Before 2000, DNA was not a source genealogists had access to. Now there are over 29 million people in DNA testing databases. This is an enormous change. Like other sources available to genealogists before the advent of advanced technology, we still need to analyze these sources carefully, understand the context, and create research plans. Genealogy standards guide us in our efforts.
Thomas W. Jones, PhD, CG, CGL, FASG, FUGA, FNGS gave the lecture, “The Advance of Research Habits over Recent Decades—And the Downside” at the Salt Lake Institute of Genealogy (SLIG) in January. The lecture was part of the “Meeting Standards with DNA – Research Strategies” course coordinated by Karen Stanbary. This is part four in my four part series include about the lecture.
Part 4: Learning to Use DNA and Standards
Learning to Use DNA and Standards
I originally heard this lecture at SLIG. I listened again to the PlaybackNow NGS recording from the 2019 National Genealogical Society Conference (he gave the same lecture there).  I noticed that in the SLIG lecture, Jones included a little more about the development of Genealogy Standards and the use of DNA evidence over the years. He said that DNA is the only thing that was not available to researchers in the pre-1980s era. All the same sources existed before then, but were not indexed or not online. We now have many DNA testers in the database, making the use of DNA evidence possible. In my opinion, the availability of this new source makes it even more important that we learn the lessons of the pre-1980s researchers to analyze each record, make research plans, and collaborate.
Jones talked about the development of standards for genealogists over time, leading up to our current edition of Genealogy Standards (2019) that includes seven standards about using DNA evidence. The development of Genealogy Standards began in 1990 when BCG trustees began discussing standards for genealogical research and conclusions. They began codifying years of the common understandings of best practices and published The BCG Genealogical Standards Manual in 2000.
Around that same time, when DNA entered the scene in 2000 at Family Tree DNA, genealogists started learning that many familial relationships were not genetic or “bloodline” relationships as previously thought. Misattributed parentage is now a common consideration in genetic genealogy. The process of determining where our genealogical family tree diverges from our genetic family tree is a new research avenue many genealogists are pursuing.
In 2014, the Board for Certification of Genealogists (BCG) published their 50th anniversary edition of the standards manual, Genealogy Standards. I purchased my copy in 2015 and read he standards in awe of the high standard of competence outlined for genealogists. I began my genealogy education to meet the standards in my personal research. After five years of intense practice and education, I finally feel like I am implementing the standards every day.
After the publication of Genealogy Standards in 2014, the field of genetic genealogy progressed significantly. We now understand more about limitations of DNA evidence. In 2019, BCG published their second edition of Genealogy Standards, which included new standards about using DNA evidence.

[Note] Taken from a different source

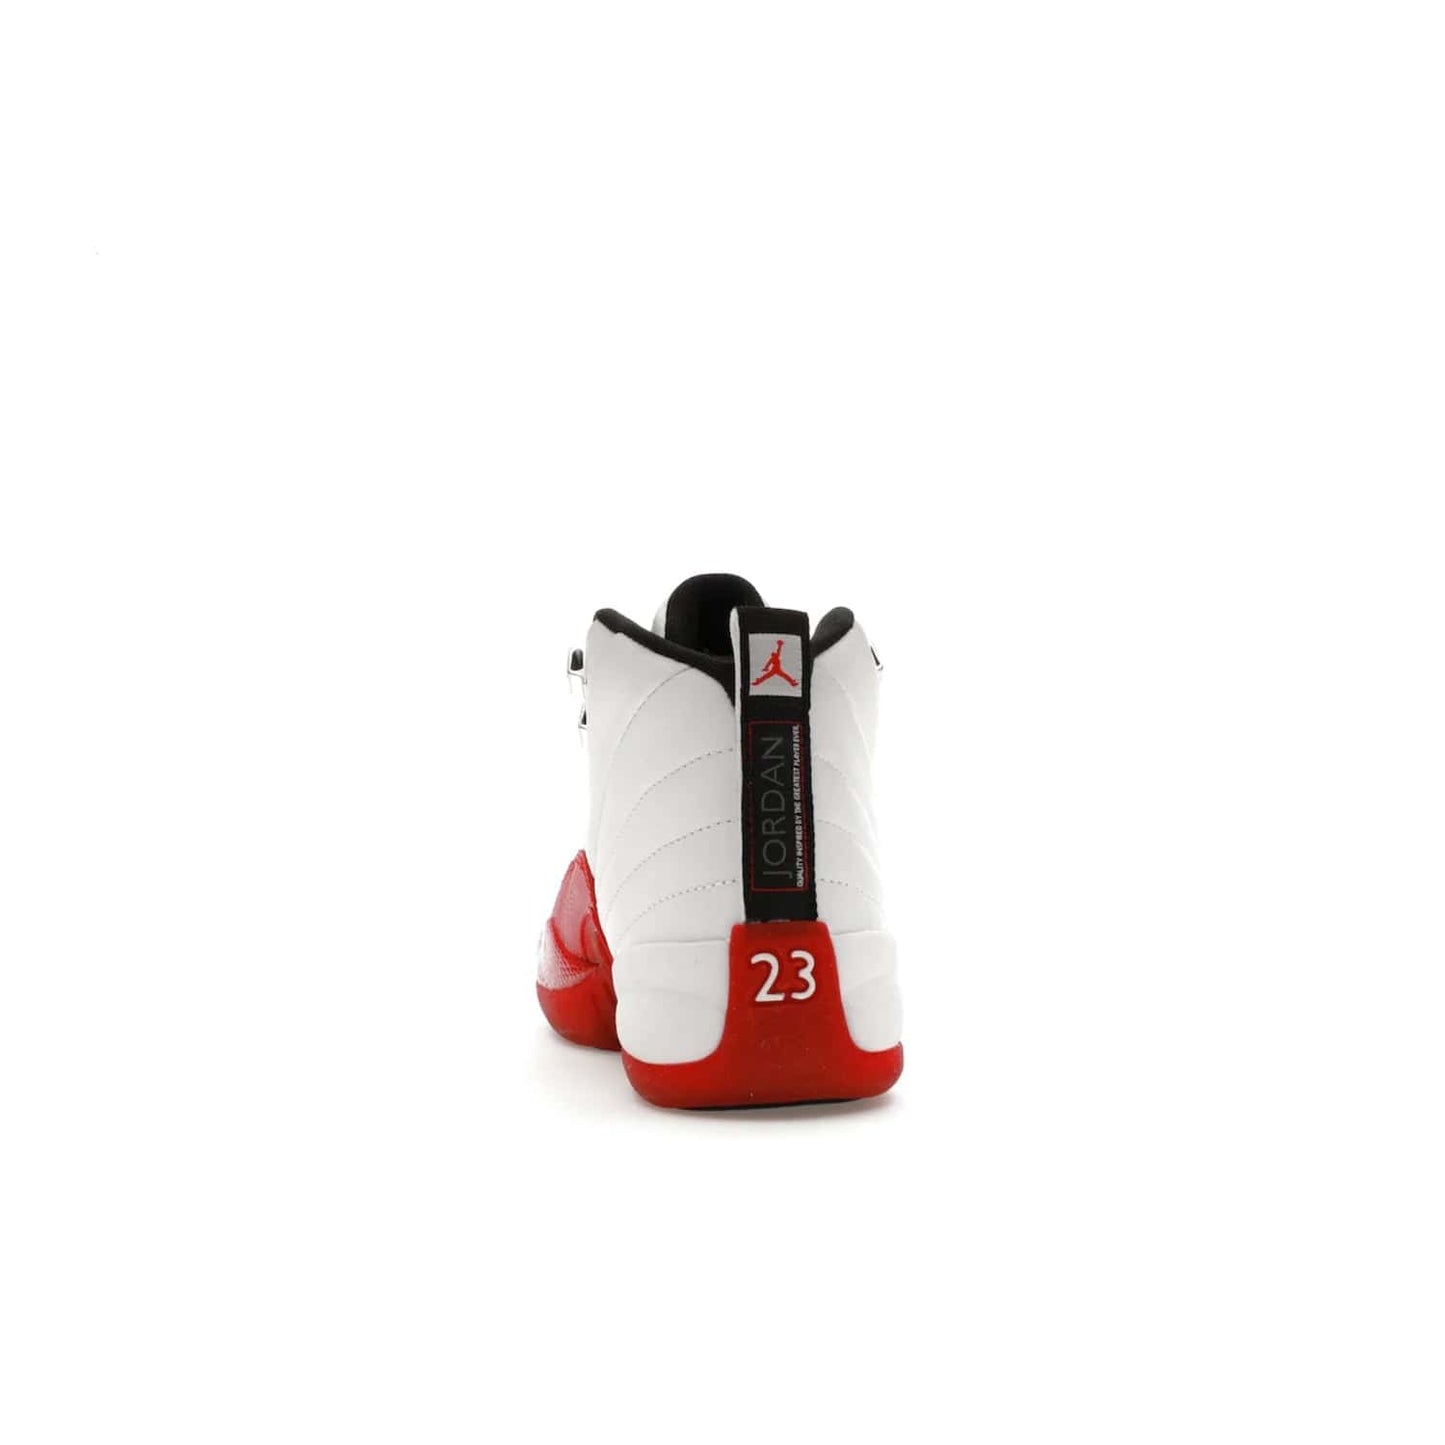 Jordan 12 Retro Cherry (2023) (GS) - Image 27 - Only at www.BallersClubKickz.com - Grab the Jordan 12 Retro Cherry (2023) (GS) and show off your signature style with these iconic kicks. Dressed in White, Black and Varsity Red, these timeless kicks are sure to turn heads. Available October 28, 2023.
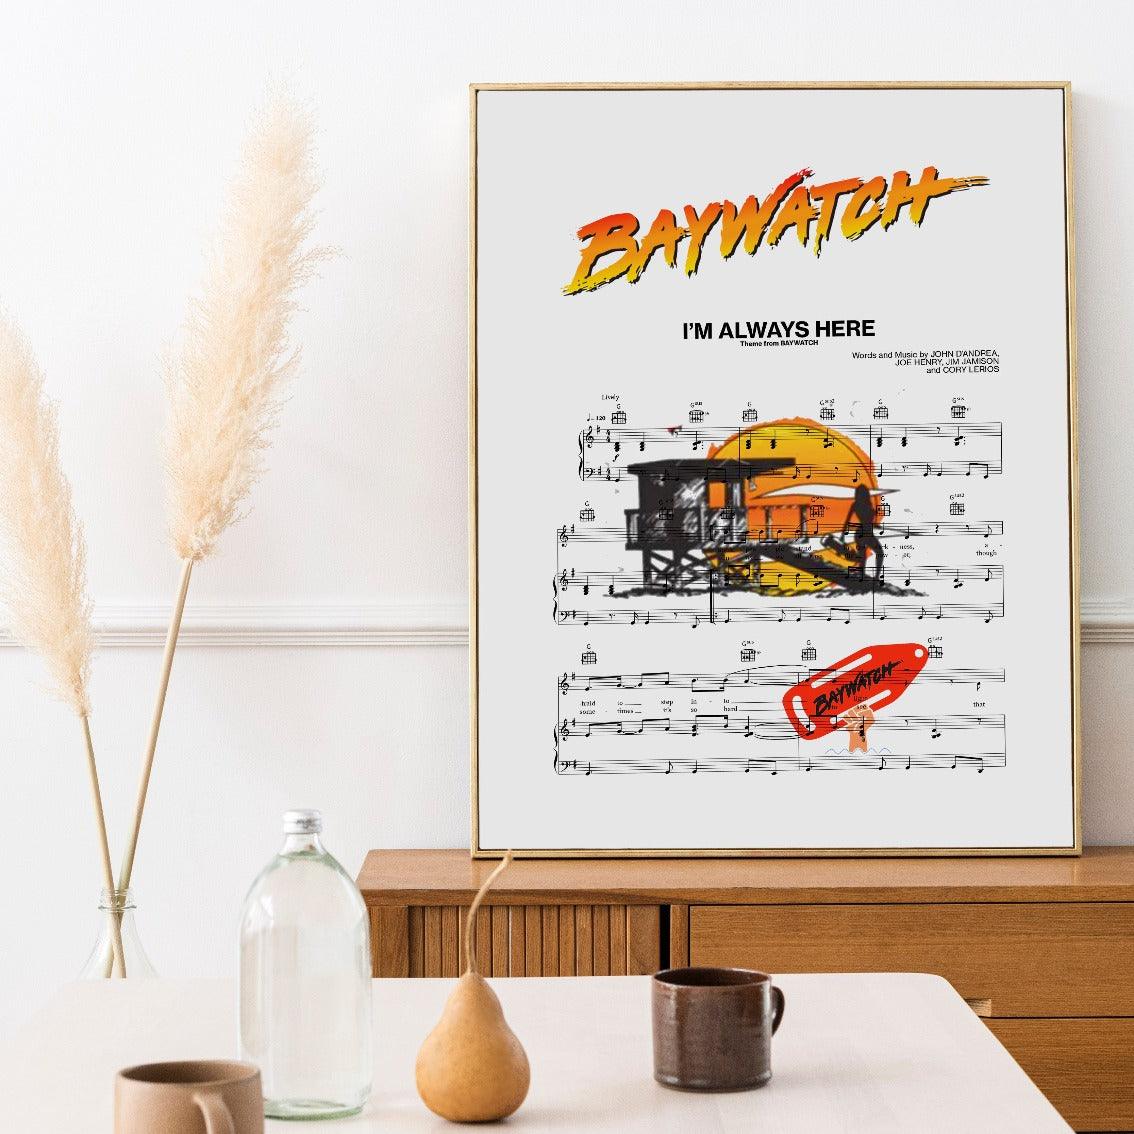 Give your walls some attitude with this cool and unique poster. This high-quality print is the perfect way to show your love for your favorite song. It also makes for a unique and personalized gift for any music lover.

When Dr. Jones first began using autosomal DNA, the databases were small. He had matches only on his father’s side – all from the South. His mother’s side was half Irish and half New Englanders. He started to wonder if his mother was adopted, since he had no matches to anyone on her side. Now the DNA databases are larger. Jones said that we are now at the tipping point in the AncestryDNA database allowing us to find more relatives. By 2019, 29 million had their autosomal DNA in online databases. It’s incredible to think that there are 16 million people in the AncestryDNA database alone. 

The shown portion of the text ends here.